Lyngbyatoxin is a terpenoid indole alkaloid that belongs to the class of non-ribosomal peptides (NRP).[7] Lyngbyatoxin contains a nucleophilic indole ring that takes part in the activation of protein kinases. Figure 1, shows the biosynthesis of Lyngbyatoxin reported by Neilan et al. and Gerwick et al. The non-ribosomal peptide synthase (NRPS) LtxA protein condenses L-methyl-valine and L-tryptophan to form the linear dipeptide N-methyl-L-valyl-L-tryptophan. The latter is released via a NADPH-dependent reductive cleavage to form the aldehyde which is subsequently reduced to the corresponding alcohol. Then LtxB which is a P450-dependent monooxygenase serves as a catalyst in the oxidation and subsequent cyclization of N-methyl-L-valyl-L-tryptophan. Finally, LtxC which is a reverse prenyltransferase performs the transfer of a geranyl pyrophosphate (GPP) to carbon-7 of the indole ring which is accompanied by the loss of pyrophosphate.

References

  1. Cardellina, JH; Marner, FJ; Moore, RE (Apr 1979). "Seaweed dermatitis: structure of lyngbyatoxin A.". Science 204 (4389): 193–5. doi:10.1126/science.107586. PMID 107586. 
  2. Fujiki, H; Mori, M; Nakayasu, M; Terada, M; Sugimura, T; Moore, RE (Jun 1981). "Indole alkaloids: dihydroteleocidin B, teleocidin, and lyngbyatoxin A as members of a new class of tumor promoters". Proceedings of the National Academy of Sciences USA 78 (6): 3872–6. doi:10.1073/pnas.78.6.3872. PMID 6791164. 
  3. Kozikowski, AP; Shum, PW; Basu, A; Lazo, JS (Aug 1991). "Synthesis of structural analogues of lyngbyatoxin A and their evaluation as activators of protein kinase C.". Journal of Medicinal Chemistry 34 (8): 2420–30. doi:10.1021/jm00112a017. PMID 1875340. 

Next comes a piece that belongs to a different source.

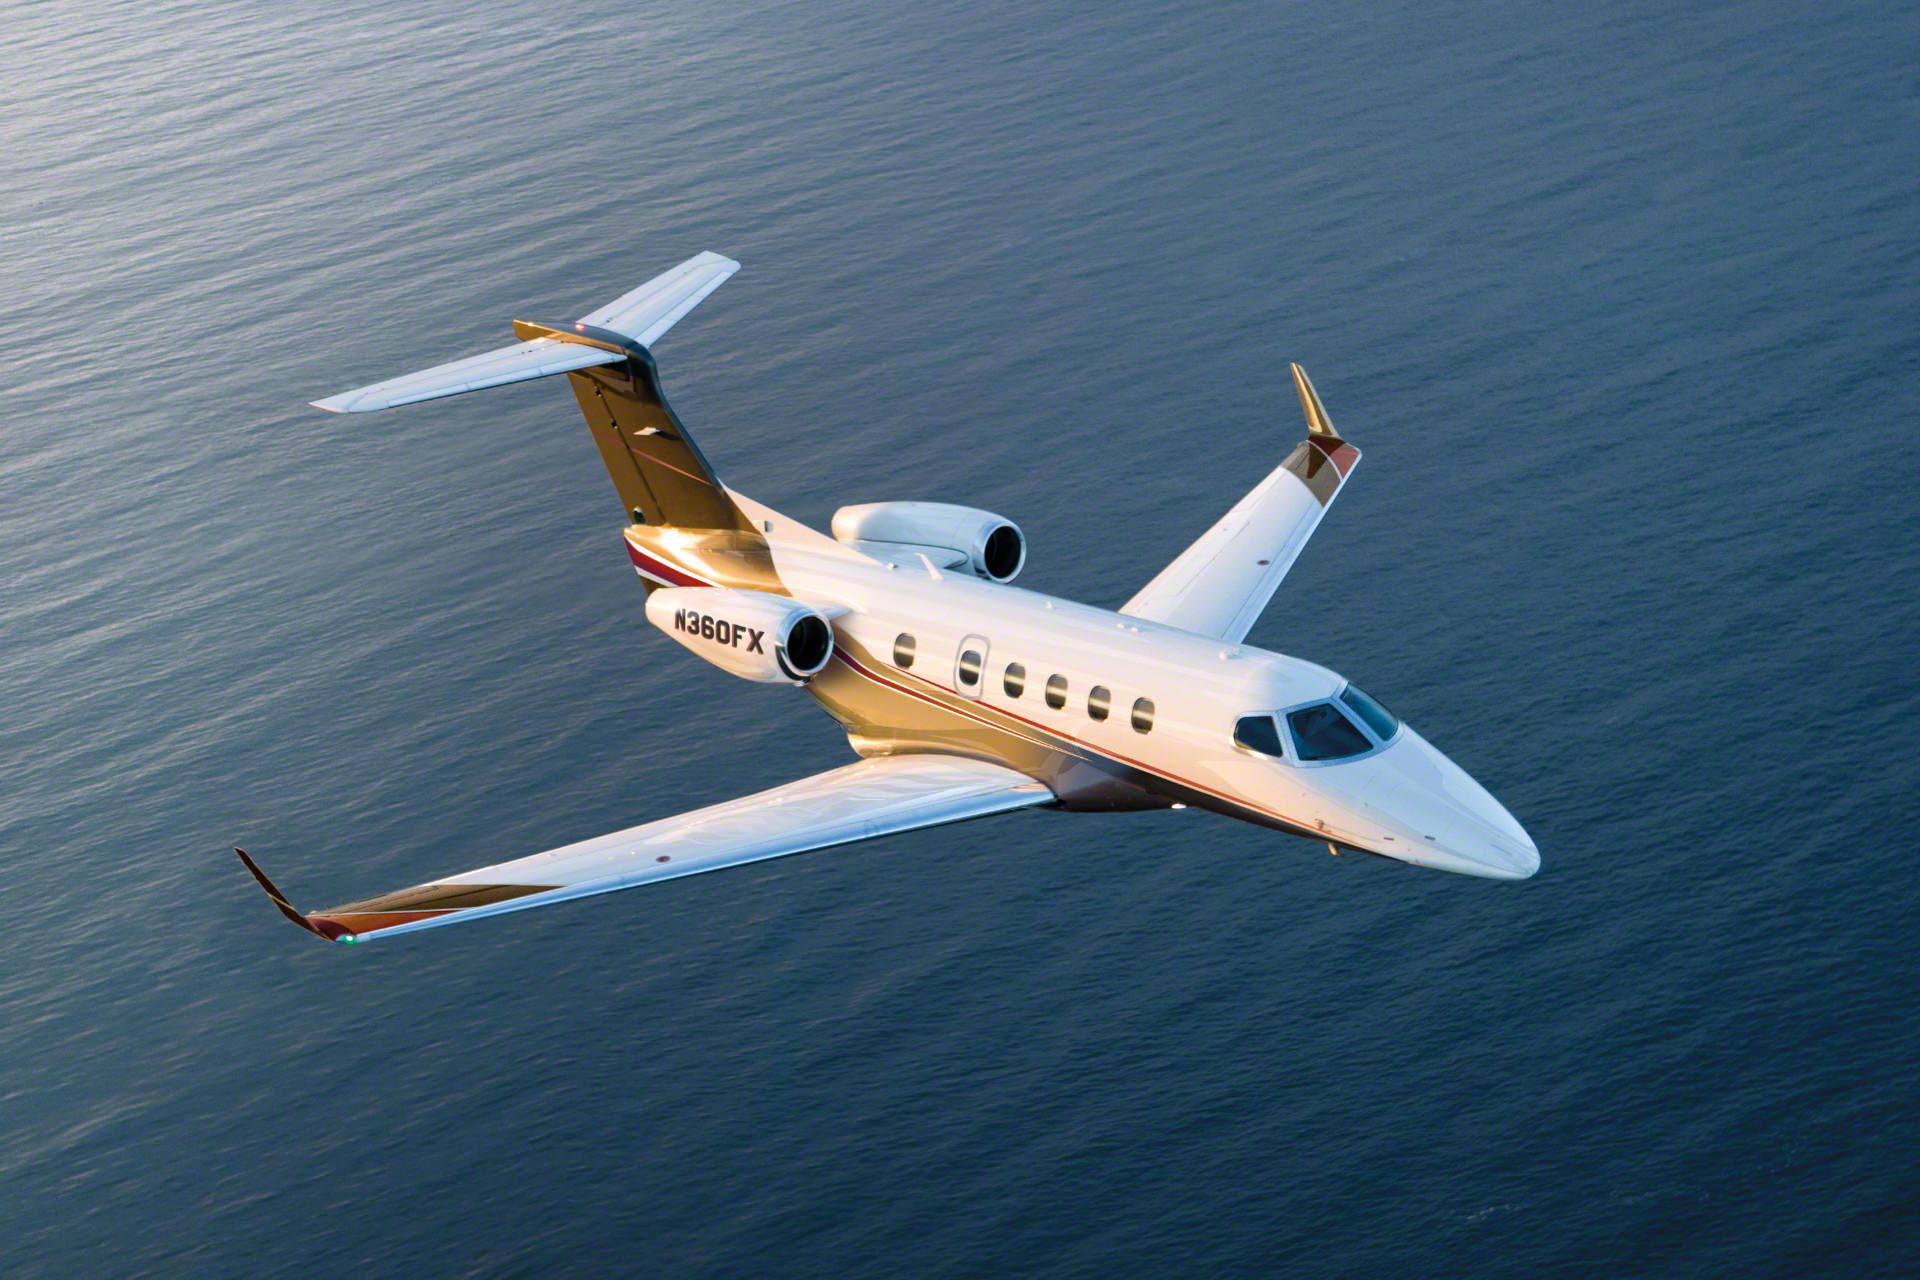 Phenom 300 the world's best-selling light jet of Embraer aircraft manufacturer

  4. Osborne, NJ; Webb, PM; Shaw, GR (Nov 2001). "The toxins of Lyngbya majuscula and their human and ecological health effects". Environment International 27 (5): 381–92. doi:10.1016/s0160-4120(01)00098-8. PMID 11757852. 

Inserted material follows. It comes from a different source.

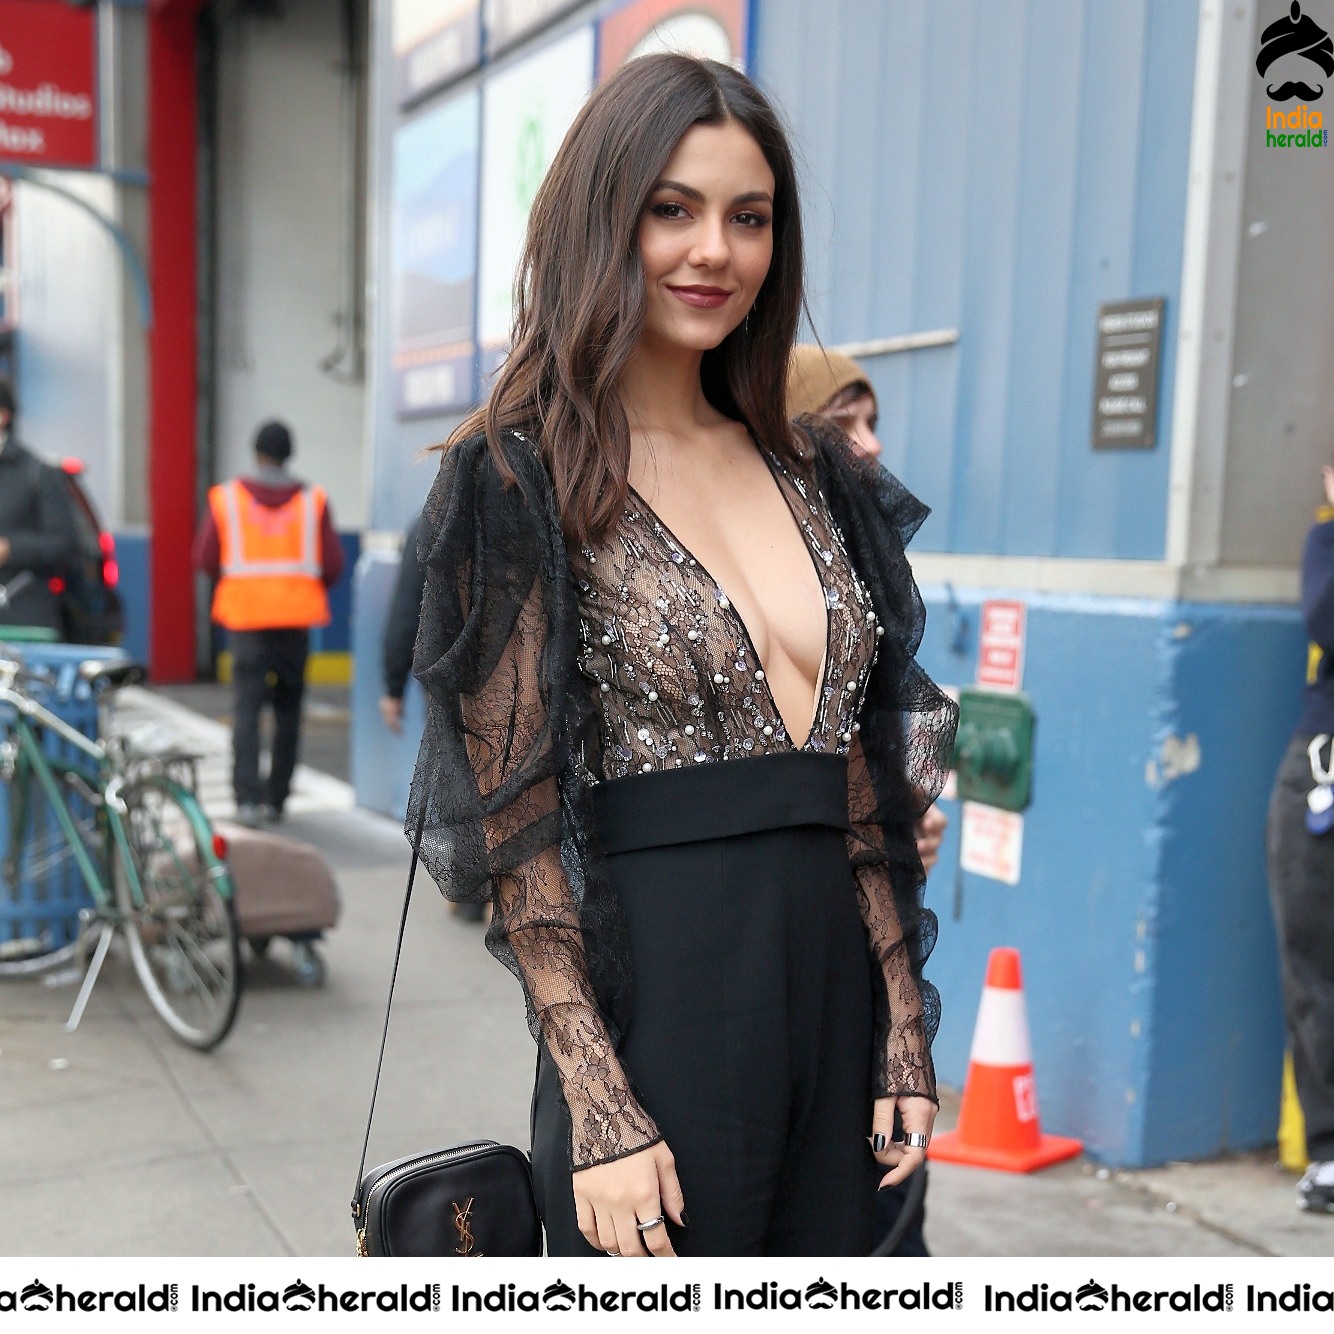 Victoria Justice Arriving At The Pamella Roland Fashion Show in NYC

  5. Ito, E; Satake, M; Yasumoto, T (May 2002). "Pathological effects of lyngbyatoxin A upon mice". Toxicon 40 (5): 551–6. doi:10.1016/s0041-0101(01)00251-3. PMID 11821127. 
  6. Edwards, DJ; Gerwick, WH (2004). "Lyngbyatoxin biosynthesis: sequence of biosynthetic gene cluster and identification of a novel aromatic prenyltransferase". Journal of the American Chemical Society 126 (37): 11432–3. doi:10.1021/ja047876g. PMID 15366877. 
  7. Ongley, SE; Bian, X; Zhang, Y; Chau, R; Gerwick, WH; Müller, R; Neilan, BA (2013). "High-Titer Heterologous Production in E. coli of Lyngbyatoxin, a Protein Kinase C Activator from an Uncultured Marine Cyanobacterium". ACS Chemical Biology 8 (9): 1888–1893. doi:10.1021/cb400189j. PMID 23751865.